Another addition to Daredevil’s dark universe is an old lover by the name of Elektra. She is wealthy, mysterious, very skilled in the martial arts, and adds a lot of complication to Matt Murdoch’s double life. Without giving anything away, her presence on the show provide many surprises to the very end. Elodie Yung gives a magnetic performance as Elektra and she exudes pure seduction and danger. 


And then there’s Daredevil himself. Charlie Cox gives a powerful and emotionally diverse performance of our dark hero. In the first episode there is almost a touch of optimism to the tone of his performance but as the season progresses, that small amount of hope gives way to desperate aggression. After the first few episodes, Matt Murdoch is desperately trying to balance his professional life with that of his alter ego and failing miserably. He becomes even more obsessed with his personae of Daredevil and using that personae to channel his dark rage. As he tries to keep his actions in check, he also struggles to prevent Elektra and Punisher from crossing the line. Many obstacles and surprise appearances cross Daredevil’s path and when they arrive, the dramatic stakes are raised even higher. 

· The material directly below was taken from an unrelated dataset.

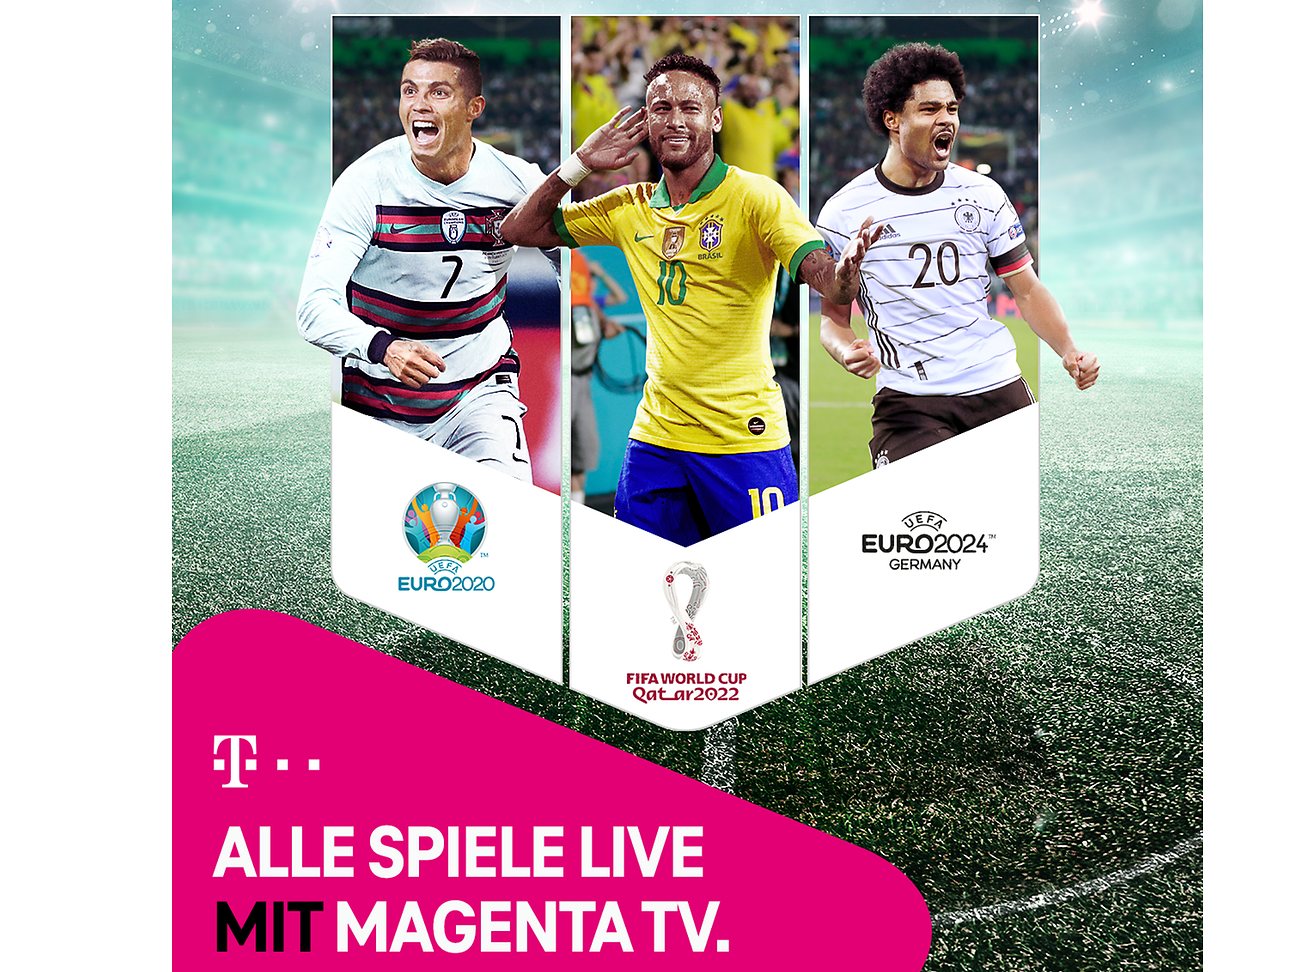 Alle Spiele der EM 2020, WM 2022 und EM 2024 live und in Ultra-HD bei MagentaTV Deutsche Telekom

  Daredevil Season 2 is simply a heroic masterpiece that transcends the superhero genre. The directing is so cinematic that you forget that this is suppose to be a tv show. Watching this particular show in one sitting just makes it feel like a unique and epic experience. Especially with the unique directing style and fight choreography, it feels like a great movie going experience that you don’t want to end. We need season 3 of Daredevil as soon as possible and The Punisher needs his own Netflix show.